> 
> On Mon, Nov 27, 2006 at 10:59:13PM +0100, Richard Levitte - VMS
Whacker
> wrote:
> > And yet, we're still speaking about systems where the only
difference
> > is a character or two.  On a record oriented filesystem, you MUST
> > convert text files to actual separate records (lines), or anything
> > that deals with text (such as more or less all editors, all
compilers,
> > all diffing tools, all...  the list goes on) is basically rendered
> > worthless.
> >
> > I guess that monotone will stay on Unix/Windows/MacOS only.
> 
> Is this a serious issue in practice?  It seems like you could probably
> get things to pretty much work well enough with some heuristics, and
> the knowledge that you have to make some sacrifice to achieve
> interoperability with the fundamentally different (and more prevalent)

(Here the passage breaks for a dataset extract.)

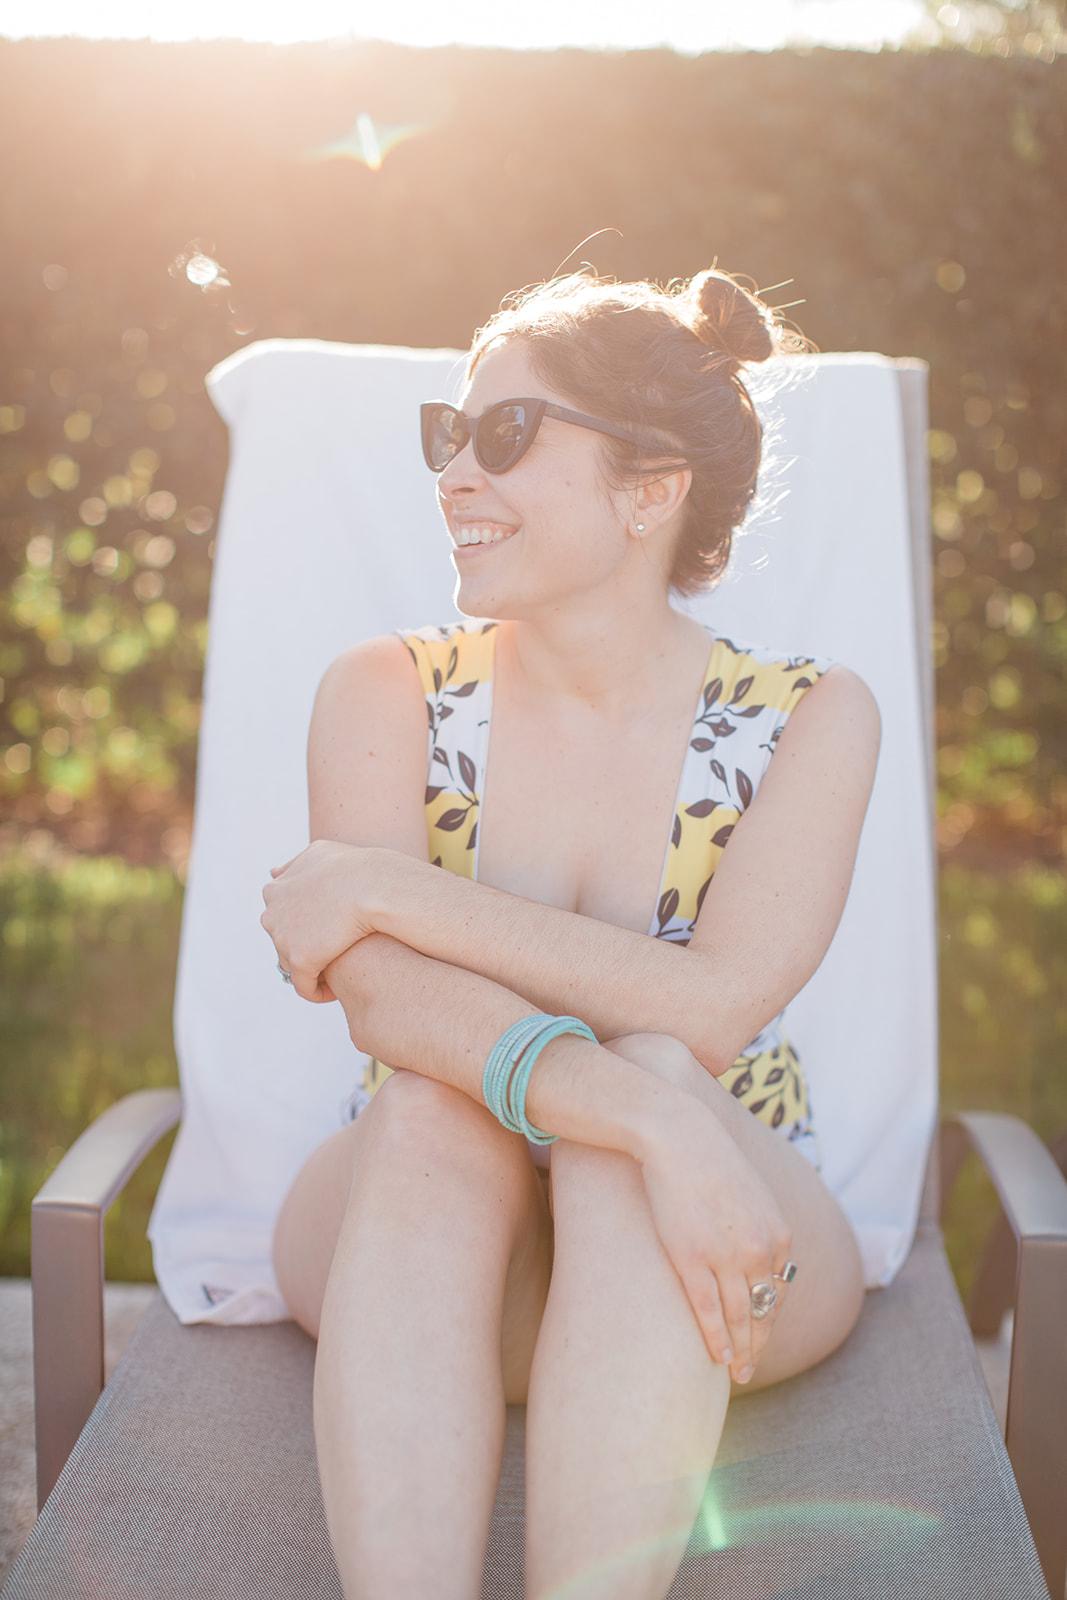 emsontheroad-root-sunglasses.jpg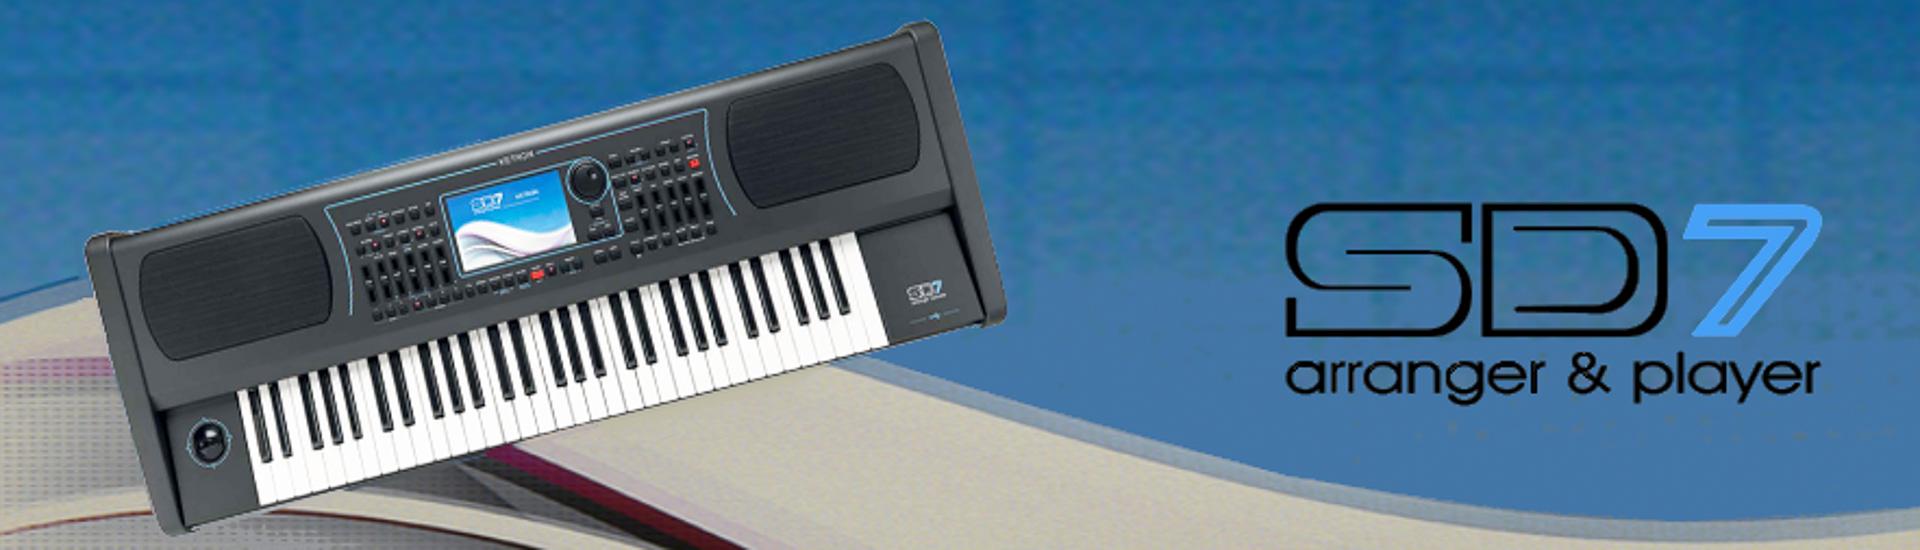 Ketron teclados profissionais SD7

> stream-of-bytes style...
> 
> I mean, what do, say, web browsers and sftp clients and stuff do?
> 
> -- Nathaniel

Richard, we have a version of cvs that runs on VMS.  It's been 10 years
since I worked with RMS, but IIRC a C program could open a file in text
mode, printf a string like ""Hello World.\n" and "the right thing" would
happen.  Is that correct?

That would mean that the proposed file attribute would have to control
how mtn opened the file, but that seems "reasonable".